Obraz, który pojawił się ponad dwie i pół dekady później w Christ Cathedral w Oksfordzie, zachował się znacznie dłużej. Latem 1923 roku na białej ścianie pojawił się profil opata tej katedry, Henry Liddell. Obraz pojawił się obok tablicy pamiątkowej zainstalowanej po śmierci księdza w 1898 roku.

Według tych, którzy musieli zobaczyć Linddella z bliska lub spotkać się z nim osobiście, był to niewątpliwie jego portret, a ponadto bardzo umiejętnie wykonany.

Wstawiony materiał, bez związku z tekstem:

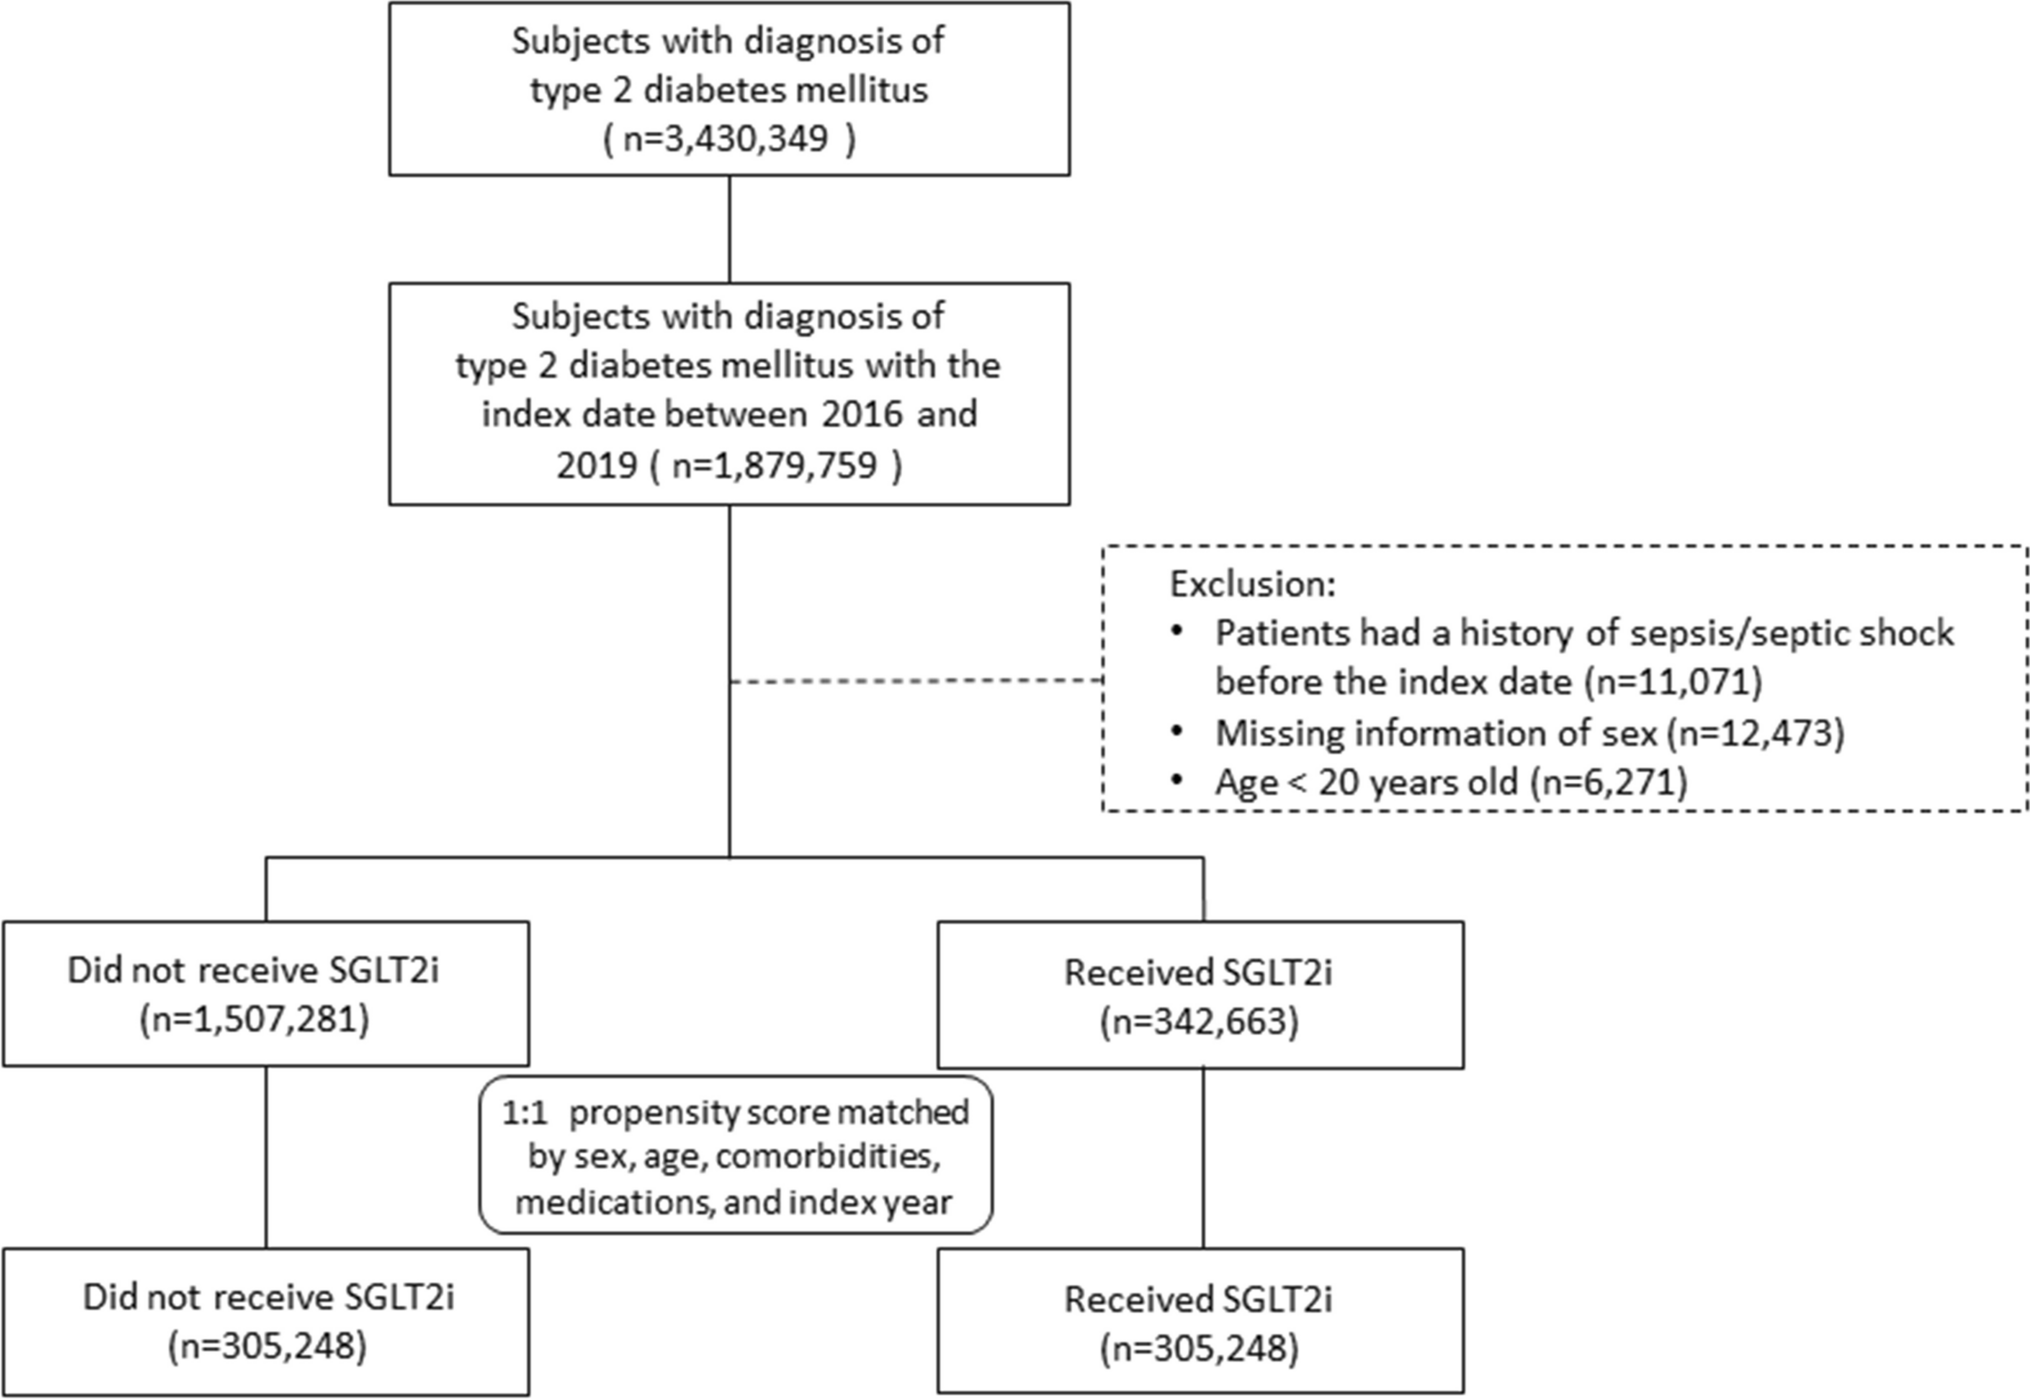 Sodium-glucose cotransporter-2 inhibitor in risk of sepsis/septic shock among patients with type 2 diabetes mellitus—a retrospective analysis of nationwide medical claims data

Do 1926 roku pojawiły się inne wizerunki księdza. Zjawisko to trwało dość długo. Nawet osiem lat później, w 1931 roku, portret rektora katedry pozostał dobrze widoczny …

W amerykańskim mieście Bradenton trzech pracowników zatrudnionych do remontu kościoła prezbiteriańskiego zaczęło czyścić jedną z jego zewnętrznych ścian. I nagle ich oczom ukazał się niesamowity obraz: na powierzchni ściany zaczęły pojawiać się oddzielne plamy, które wkrótce zlały się w ludzki portret. Kiedy jednak ściana wyschła, obraz również zniknął.

W 2009 roku równie niezwykłe zjawisko miało miejsce w klasztorze Zaśnięcia Zaśnięcia Svensky we wsi Suponevo w obwodzie briańskim. Na jednej ze ścian tego klasztoru pojawił się wizerunek Chrystusa, podobny do tego przedstawionego na słynnym całunie turyńskim.

Dawni mieszkańcy tych miejsc pamiętali, że oblicze Zbawiciela w latach wojny widzieli niegdyś uczniowie z internatu dla dzieci, który znajdował się na terenie klasztoru. Obraz pojawił się na wapiennej ścianie w klasie, w której kiedyś wisiała tablica. Następnie pielgrzymi dotarli do klasztoru. Ale wkrótce naziści zniszczyli oblicze Chrystusa: stary tynk został usunięty z cegieł, a następnie ponownie otynkowany i pokryty wapnem.

I co bardzo ciekawe, tym razem obraz Zbawiciela pojawił się w tym samym miejscu, co podczas wojny i tylko przez jedną noc.

Oczywiście fenomen cudownych portretów jest raczej trudny do wyjaśnienia z naukowego punktu widzenia. Niemniej jednak istnieje i czeka na jego pozwolenie.